Activations were observed in the parietal cortex adjacent to the bilateral intraparietal sulcus and extended to the left supramarginal gyrus specifically under the STM condition. These findings are consistent with those of a previous study on the neural correlates in the posterior parietal region associated with the observation of action (Caspers et al. 2010). Previous studies have suggested that intraparietal sulcus regions are involved in stone tool making by both novices and experts (Stout and Chaminade 2007; Stout et al. 2008, 2011). In the present study, subjects were asked to memorize observed unfamiliar STM actions that consisted of an interpretable bimanual manipulation using a hummerstone and stone core. Therefore, the activations reflected the acquisition of the procedure of bimanual motor representation for stone tool making by observing the actions of others. Additionally, a differential activation pattern in the supramarginal gyrus of the dorsal premotor area was observed and compared with the results of a previous study of stone tool-making by a novice (Stout and Chaminade 2007). Activity in the left posterior parietal regions including the supramarginal gyrus occurred while planning the bodily actions associated with the use of a familiar tool, even though the execution of actual motor actions was not involved (Johnson-Frey et al. 2005). Moreover, stone tool making by experts was associated with activation in the bilateral supramarginal gyrus (Stout et al. 2008). This may also indicate that participants were using their own motor representations, which would be similar to the STM action, to plan the imitative action instead of using an actual motor representation of an STM action that they had not yet learned.

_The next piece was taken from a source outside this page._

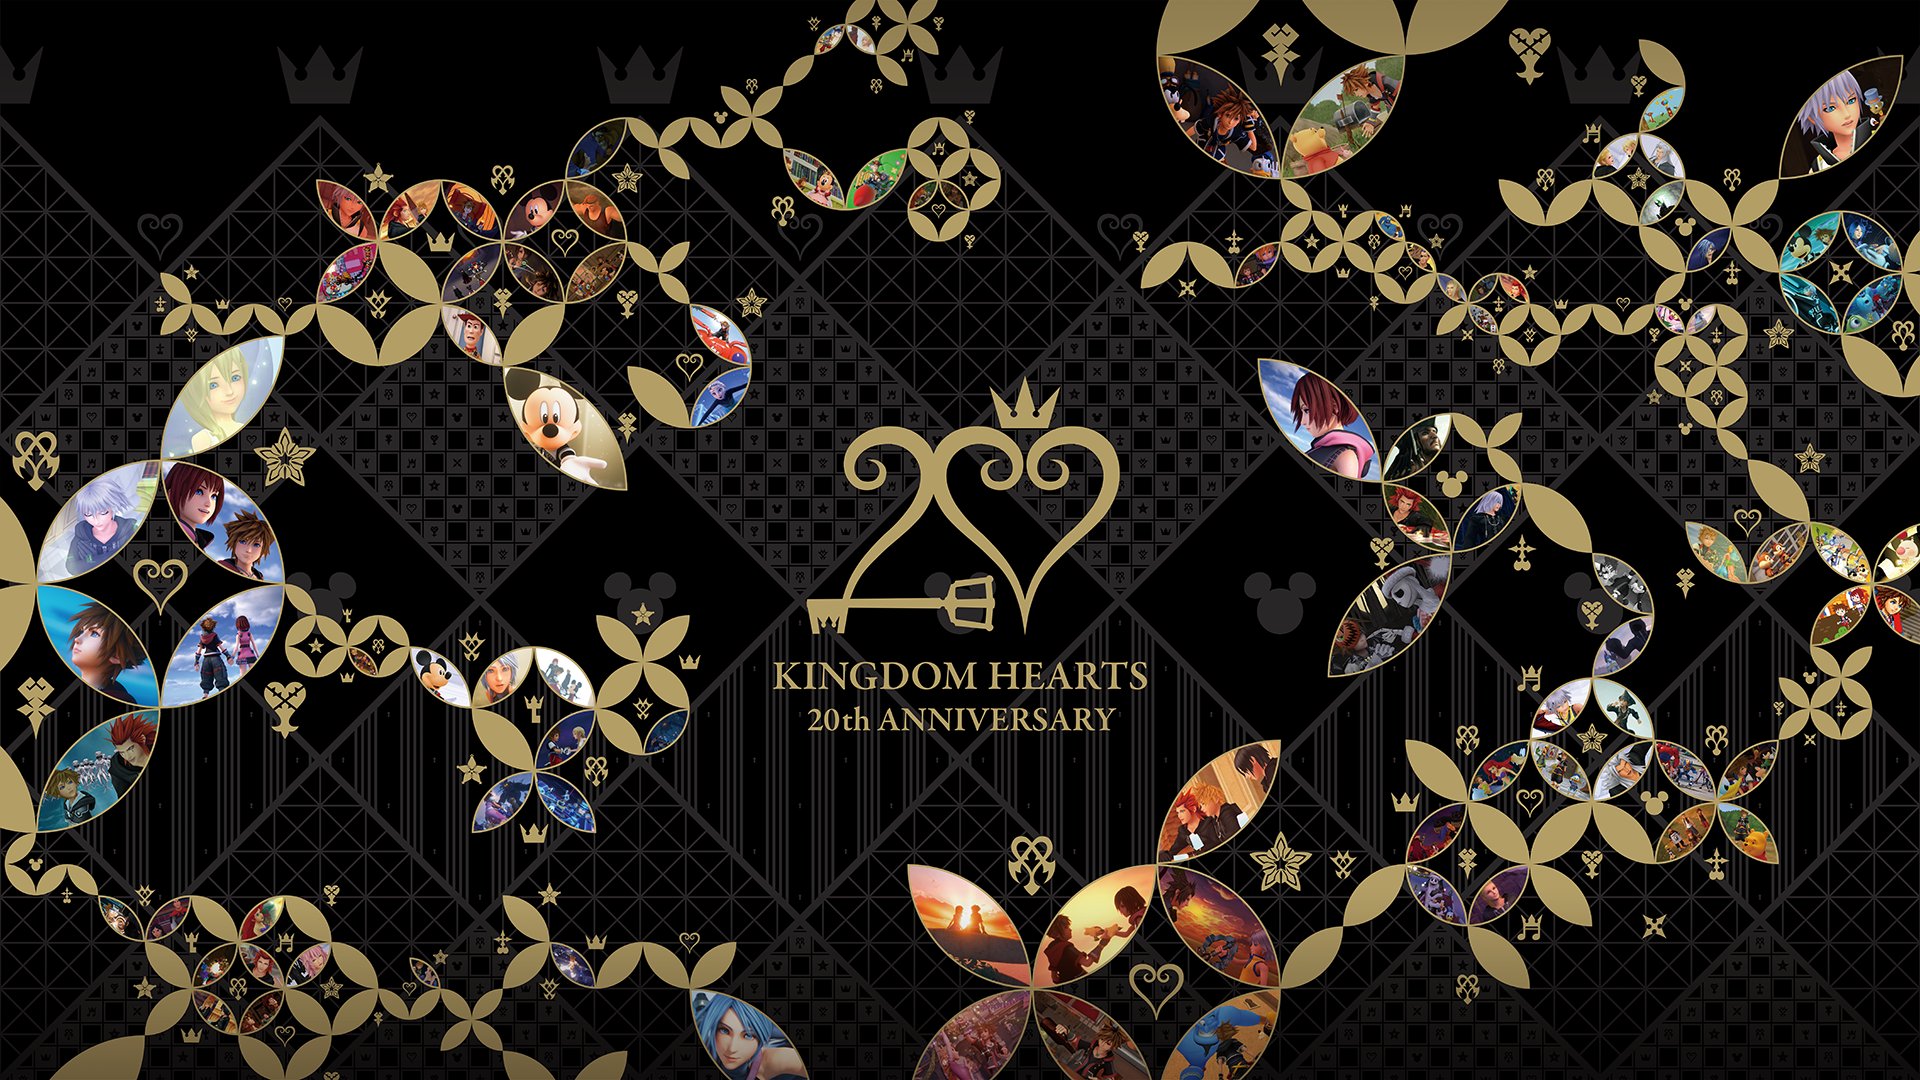 Square Enix ประกาศแผนฉลองครบรอบ 20 ปี Kingdom Hearts

A direct comparison of (mSTM–sSTM)—(mUWP–sUWP) showed activation of the junction areas of the bilateral middle temporal and occipital region, which had a slightly inferior peak location compared with that during common activation. The pictures under the mSTM condition presented all the bodily motions involved in stone tool-making. By contrast, the pictures under the mUWP condition presented only the facial motion. A previous study reported that the occipitotemporal region was particularly sensitive to the perception of the human body (Astafiev et al. 2004). Thus, differential activation was induced by the perception of motion enacted by the whole human body. In contrast, observation of the pronunciation of a Uzbek word involved large activation clusters in the bilateral superior temporal gyrus. Because only the mUWP condition contained auditory information in the form of pronunciation of a Uzbek word, these activations were considered to reflect audiovisual speech perception (Murase et al. 2008).

5 Conclusion

The progress of imitation learning by repetitive observation was represented in a specific cortical region, and the represented region was dependent on the information that the subject focused on to learn, although a common mechanism representing the premotor and supplementary motor area and posterior part of the temporal region existed between both imitative learning tasks. That is, the subject had to focus on the internal model formulation of the observed action to imitate the stone tool-making procedure, and the imitative learning of observed action caused activity to decrease in the right cerebellum. In contrast, the subject had to focus on the phonological components of the auditory information to imitate an unknown Uzbek word, and the imitative learning of the Uzbek word caused an activity decrease in the left superior temporal gyrus. These results support our hypothesis that the cortical region where imitative learning by repetitive observation of stone tool-making appears as a change in neural activity differs from that of word pronunciation. Our results demonstrate the cortical mechanisms of social learning behavior that were assumed to have been used in the prehistoric age.